Disclaimer: The article below is not trying to judge what approach to art is more correct, but merely reflects on the experience of one particular artist.
I wasn't always a photographer, nor I thought in my teen years that I will become one. One of the reasons for that is, in my culture art is not considered as a stable profession so my creative aspirations were mostly ignored. The second reason, for me photography takes it's roots in real life experiences - emotions, feelings, memories being mixed up together like in kaleidoscope to create new and unique stories. An before around 27y.o. frankly, my kaleidoscope didn't have enough pieces.
The third reason, since I was young teenager I had another passion - physics. I have been doing pretty well in physics competitions on national level and got into one of the best post USSR universities in Moscow, which I finished with Master Degree while working as a freelance photographer in parallel.
And this brings us to the point #1. Being self taught photographer from the country that doesn't have any art institution that would even teach this discipline I always envy the young talents who had an opportunity to study photography systematically and from the best. Once a friend who studied industrial design in an art school told me that I shouldn't be afraid of the competition of art graduates because I know all they know and more, and as them I too have my universe. I thought "Wait a minute, I didn't know I am supposed to nor allowed to have my universe". It's like I play the game here and I have no ideas what the rules are.

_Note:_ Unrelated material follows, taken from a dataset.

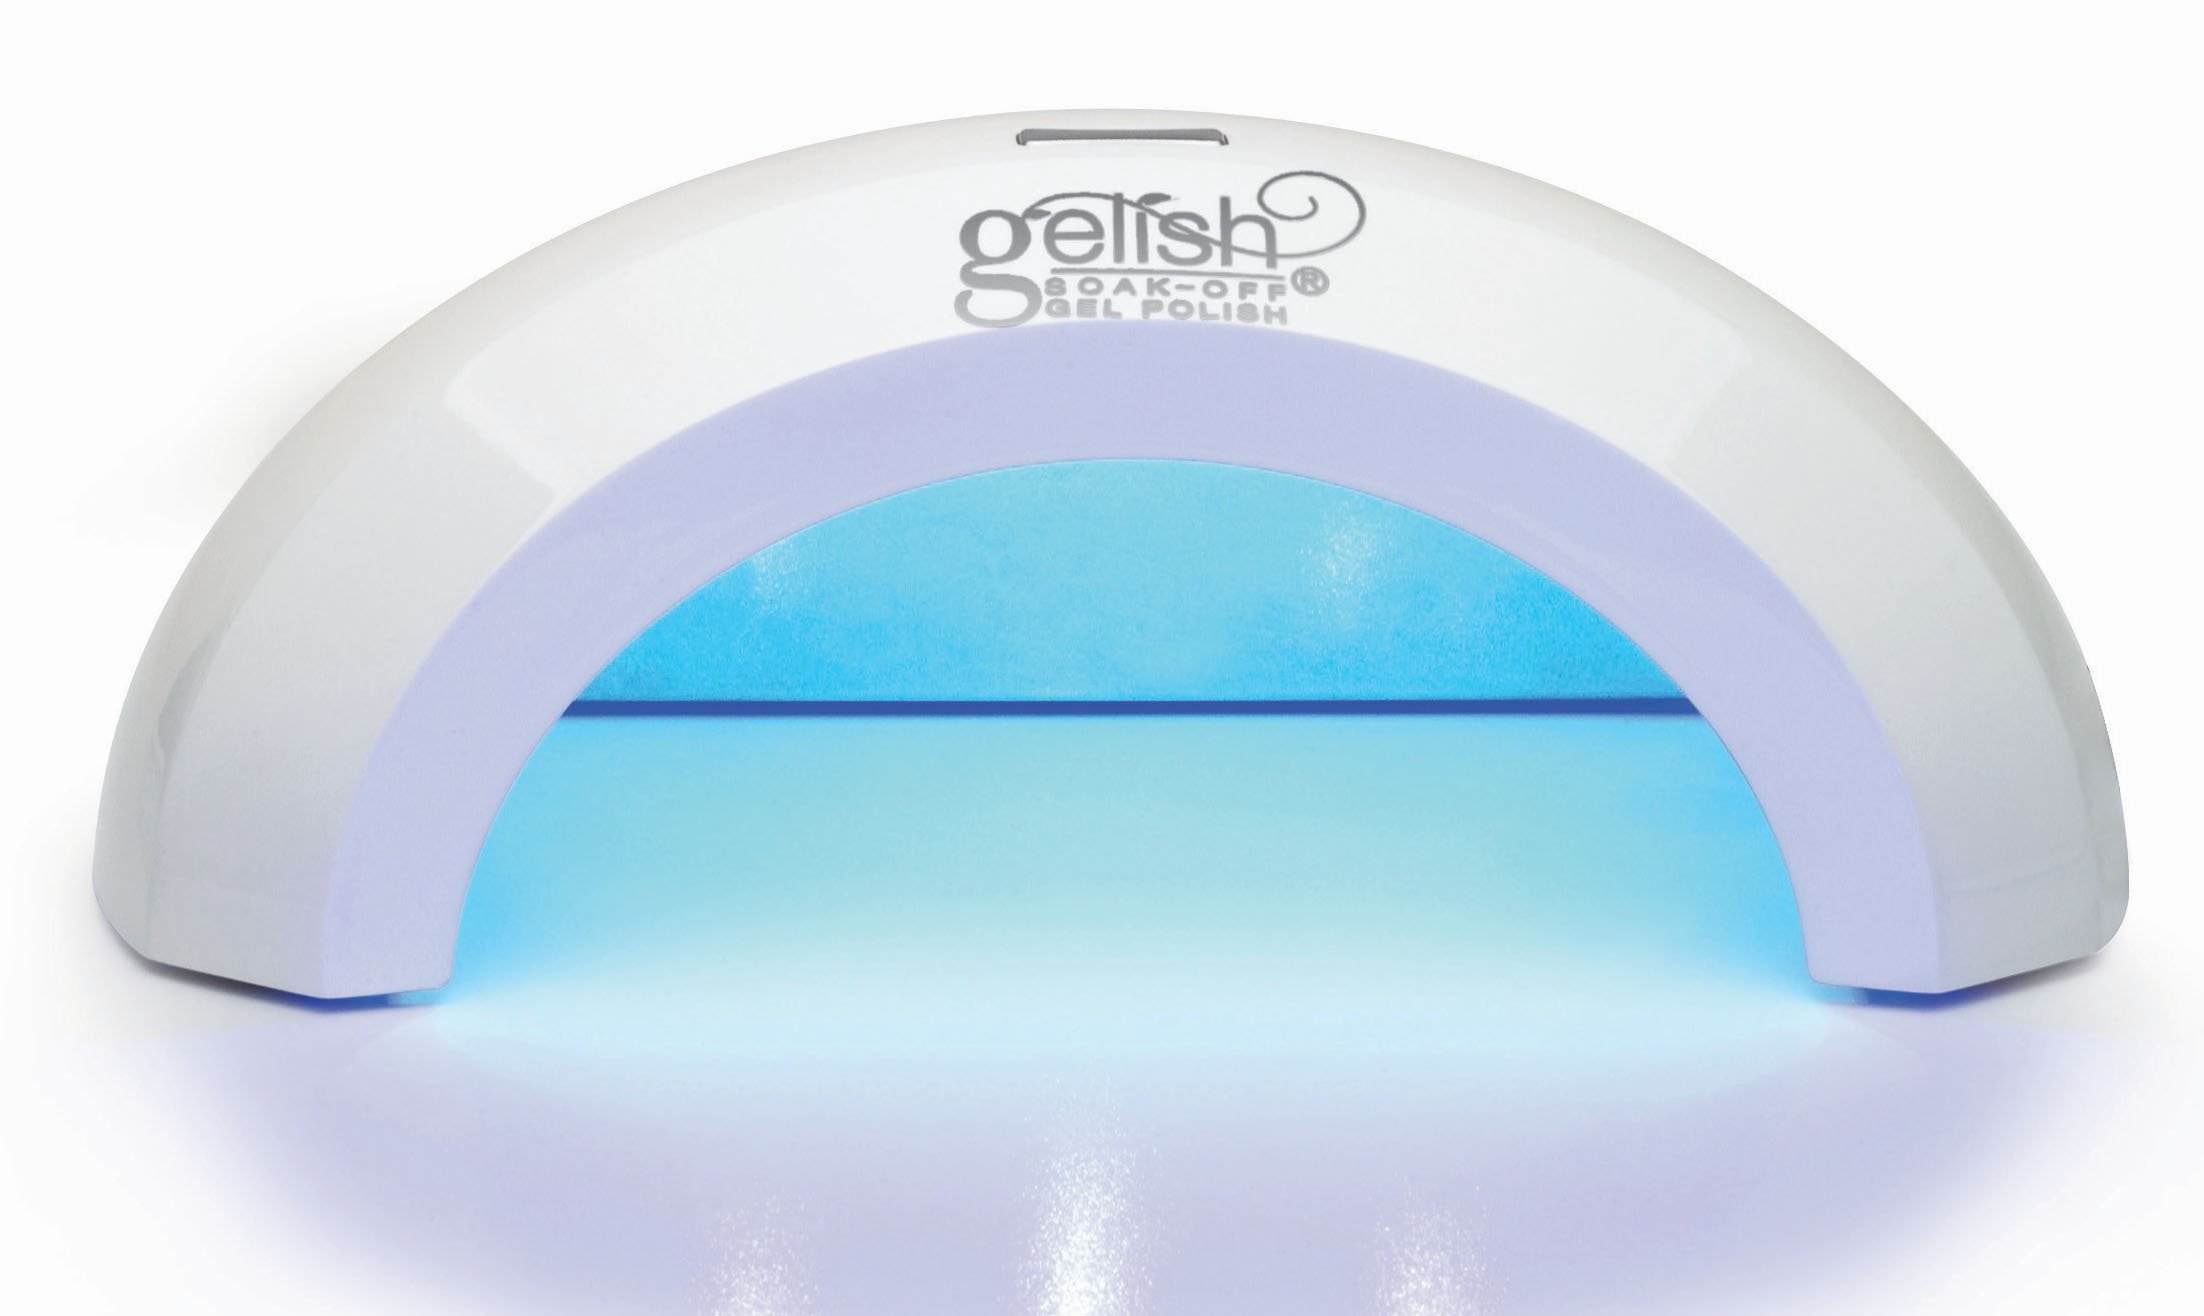 8. Gelish Mini Pro LED Lamp - wide 6

Instead on art rules, I still have a lot of tech nerd rules in my head. Like having a plan. I worked with a designer once (who is architect by education) who sent me a plan for the photoshoot and then was almost apologizing for it telling me that people say she is too organized. For me there is no such thing. I find that creativity works best if it works inside of the structure. We know what time we meet, how much time will the make up take, makeup itself is fit in advance to the wardrobe etc. It doesn't mean that we are a bunch of robots who just follows plan - no, creatives don't work like that - but it means we try and improvise and take risks in coordinated manner. So point #2 - thinking like scientist while practicing art.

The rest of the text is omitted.